Asking for help can be incredibly challenging. It is humbling to admit that you are struggling. It is hard to look at your situation and realize that it is more than you manage. Sharing these vulnerable moments with another person can seem impossible. This is especially true for someone in survival mode.
When my dear son was two years old, when I filed for divorce from his dad. This was one of the hardest things I have done in my life. I was thrown into a world where I needed to build a life for me and my son on our own. I needed to prove to myself that I could do it. So, the idea of asking for help did not seem like an option. I am blessed to have a wonderful support system in this life. And yet it was still hard to tell anyone I was struggling. I was FINE. I was FINE all the time.
One day I pulled into my driveway and noticed that the grass had gotten to a point where it needed to be mowed, now. It was not going to hold off until winter. As I put the car in park, I looked in the review mirror at my hungry and tired toddler. I could not leave him alone in the house. I could not keep an eye on him outside while I mowed. He was too big for a carrier. How are you going to make this one work, Ms. FINE?
I got him inside and curled up on the couch with a tv show and a snack. I went upstairs to change my clothes. I was somewhere between insistent, grief stricken, angry, sad, scared, frustrated, and mad. As I put my hair up, I looked in the mirror. I have always had real talk with myself in the mirror. I asked, “How are you going to do this?” and the answer back in my head so loud I thought someone was with me. “Not alone!” The voice said with a sense of obviousness and sarcasm that only one person in my life can carry. I knew who I needed to call.
I walked over to the phone and called my dear childhood friend who I refer to as my sister. Her, her brothers, and parents had moved across the street when I was eight years old. Our families had grown up together. We became a family and even today still refer to each other as sister, brother, momma, daughter, son, and dad. My dear sister is only seven months younger than me. Growing up we shared everything including clothes, bedrooms, friends, chores, and even boys.

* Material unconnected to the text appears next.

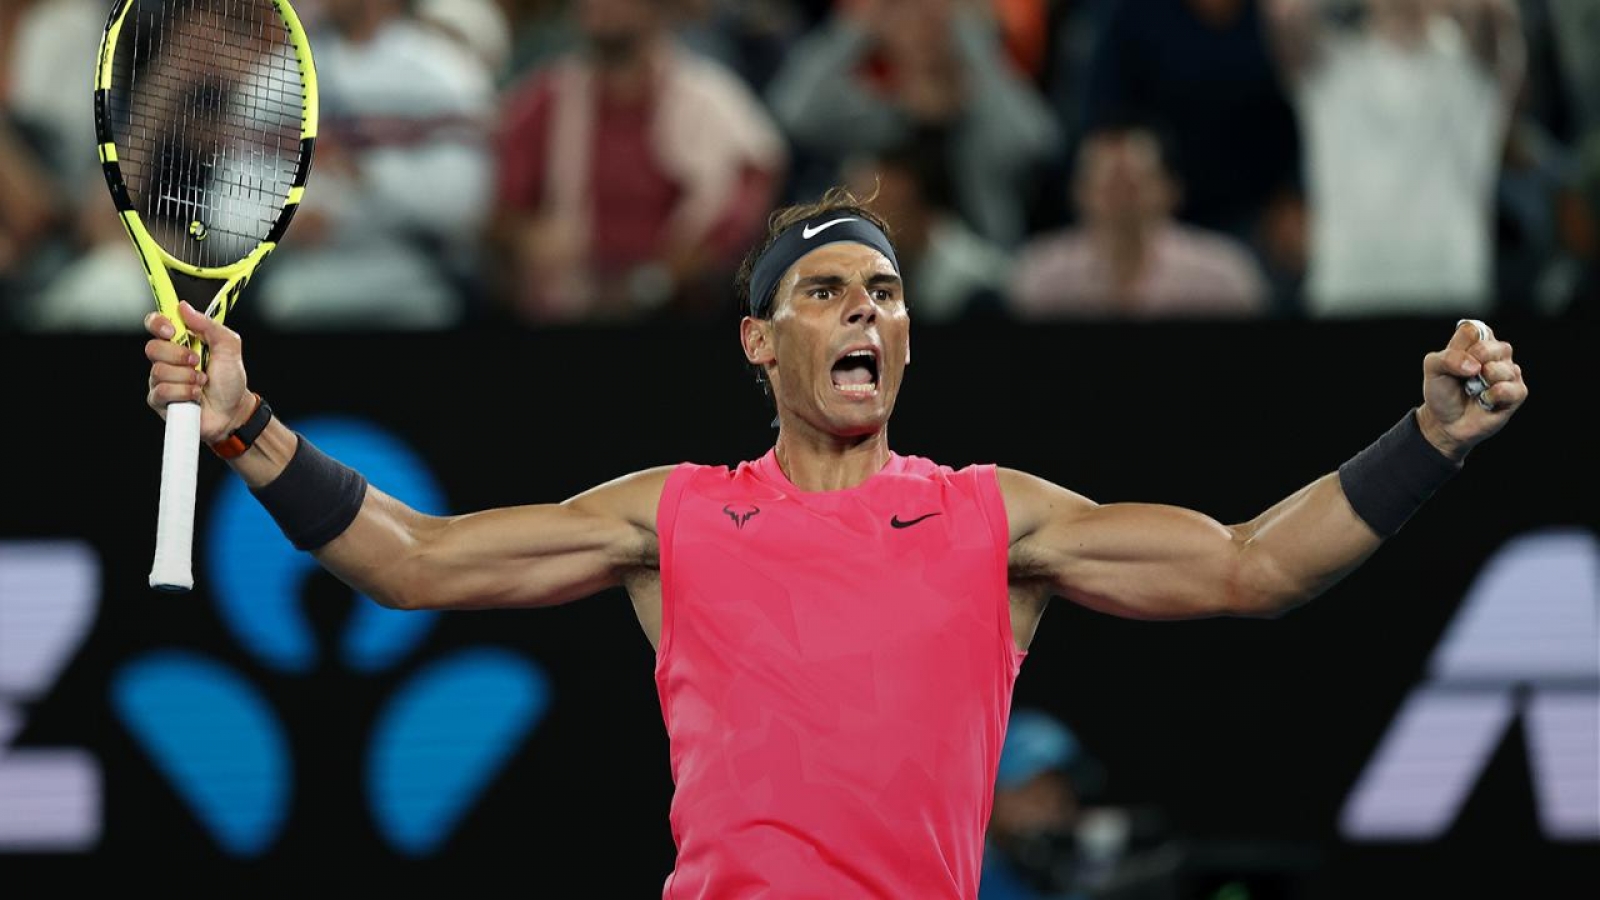 Rafael Nadaldan ABD Açık kararı! - Son Dakika Spor Haberleri

We pushed and pulled each other growing up in ways that only sisters can understand. We could hate the sight of each other one moment and then be jumping to defend each other the next. My dear sister is strong, beautiful, smart, stubborn, funny, and sarcastic. She is a bad ass. She had been through everything with me and yet I was so hesitant to pick up the phone. My voice cracked and I had tears rolling down my cheeks just saying the words, “Can you come over?”

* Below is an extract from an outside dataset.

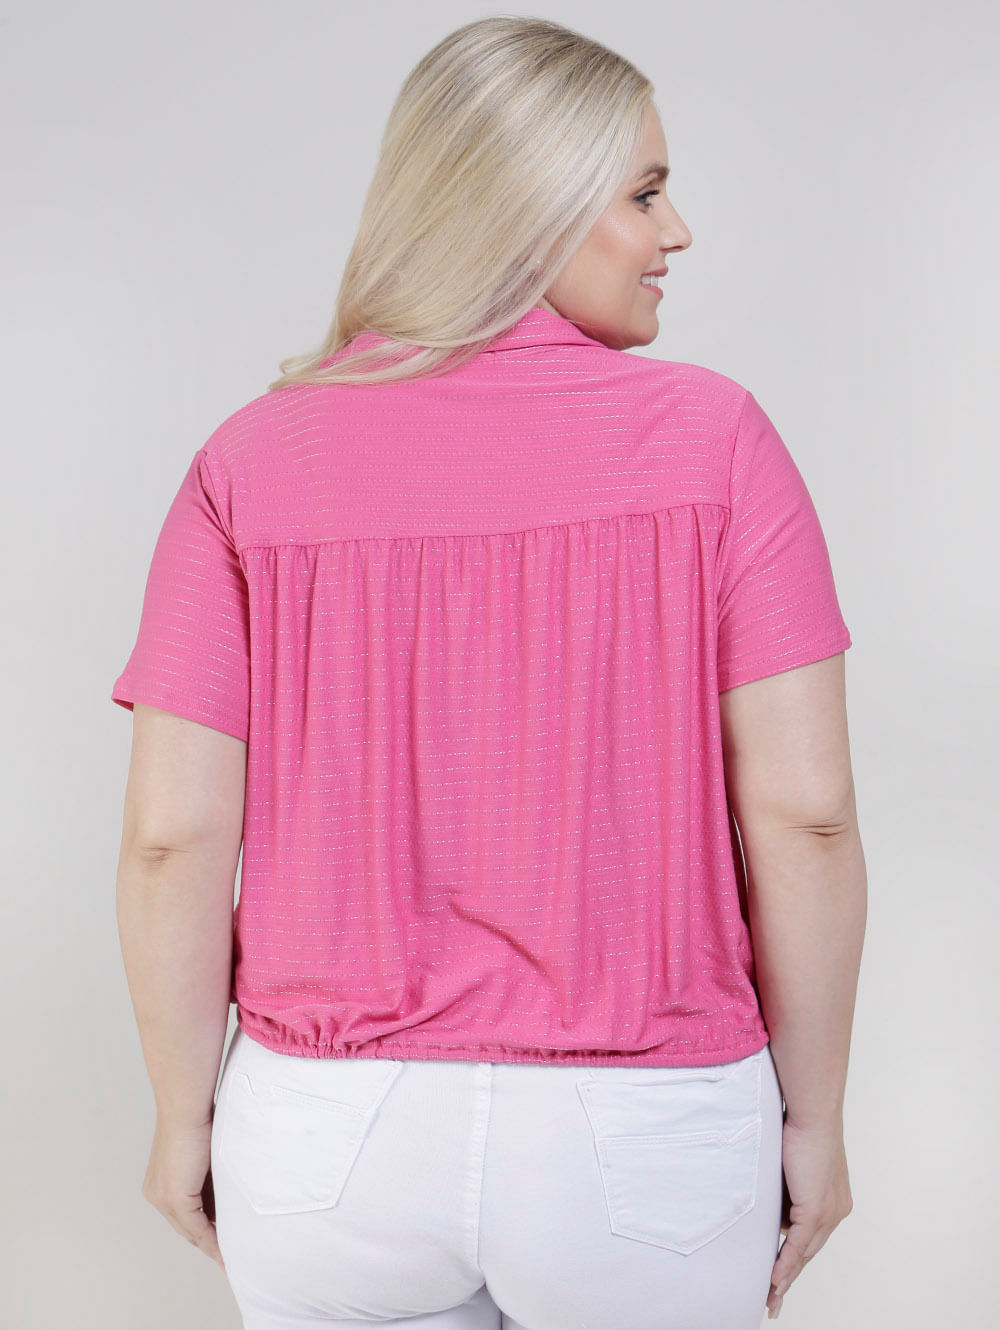 Blusa Plus Size Feminina em Viscolycra Rosa Pink - Estilo Próprio Moda  Feminina Plus Size de Verdade - Loja Online

She must have heard the pain in my voice. I am quite sure she felt it. She did not even ask why. She just said, “I’m on my way.” I went down to sit with my dear son and explain to him that his aunt was coming over to help us. I told him I was going to get the lawn mowed while they played. At two years old my dear son looked at me in surprise and asked, “You are going to mow the lawn, mommy?”
This was usually his dad’s task while him and I played or cleaned outside. The fact that I was going to tackle the activity was so surprising and out of the ordinary that even a toddler could see something was different. Him and I went to the garage to prepare the toys and tools he used outside. We got the mower out. And we were about done when my dear sister showed up.

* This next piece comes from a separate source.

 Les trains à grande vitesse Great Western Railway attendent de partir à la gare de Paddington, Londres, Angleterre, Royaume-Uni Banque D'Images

She gave me a huge hug. Loved on my dear son and then stood up to assess the situation. She headed over to start the mower. I shook my head and explained I needed to do it. I told her I needed her help with my dear son while I did the mowing. She looked at me in shock greater than my dear son had.
As we were growing up the mowing was one chore I always wiggled out of. Remember, we had two lawns between the two houses. As a young girl I could never get the mower started. I hated the deafening loud roar of the mower. I did not care for the lifting and hauling to empty the bag. My dear sister always took my turn on this task and just assumed I called her over to mow. The thing I disliked the most about mowing… It forces a person to be alone in their thoughts. It is an isolating chore.
But this was all different. I needed to do it myself. I needed to prove that I could do all the things necessary to take care of me and my son. I needed to tackle this just like everything else I was doing that was unnatural, challenging, and seemingly impossible. I needed to know I could make everything okay and not just be FINE.
My dear sister and my dear son headed off to play and straighten up the yard. She reluctantly looked back at me as I made my second attempt to start this infuriating machine. By the fifth attempt she almost came over to do it for me. I shot a dagger look at her that screamed, “I’M FINE!” She went back to playing with my dear son while I tried to argue and negotiate with the inanimate piece of machinery. I then took a deep breath and looked up at the sky. A scene from one of my favorite Sandra Bullock movies came to mind. And in more of a prayer than a plead said, “I just need a little help.”
I shook my whole body like I was loosening up, but I was really just tried to shake out the bad energy. I wanted to get rid of the anger, the frustration, the hurt, all of it. I took another deep breath and said it again, “I just need a little help.” The mower started right up.
I spent the next couple of hours alone in my own thoughts. I watched my dear sister helping my dear son around the yard. I let my mind get comfortable with the idea that I was NOT FINE but if I asked for help, I and, We would be okay. I could feel with each pass of the mower the pressure lifting. I knew that what came next in our lives would be hard, but I did not have to do it alone.
My dear sister stayed until after I got my dear son to bed that night. When I went to tuck in my dear son, he said something that has just stuck with me, “Mommies can do anything daddies can do, right mommy?” Here I was caught up in my head and had not even realized that by pushing through that afternoon I was leaving an example for him. I was showing him that while things were changing, we would be okay. I was showing him that chores are not just for a mommy or a daddy.
After I got my dear son tucked in, I went downstairs and just lost it with my sister. My feelings of grief, anger, sadness, fear, frustration, and anger had started to give way. I was feeling proud, encouraged, and accomplished. I had moved from FINE to – it will be okay.
Ask for help – it is going to be okay. Offer help – you never know how many lives you are changing.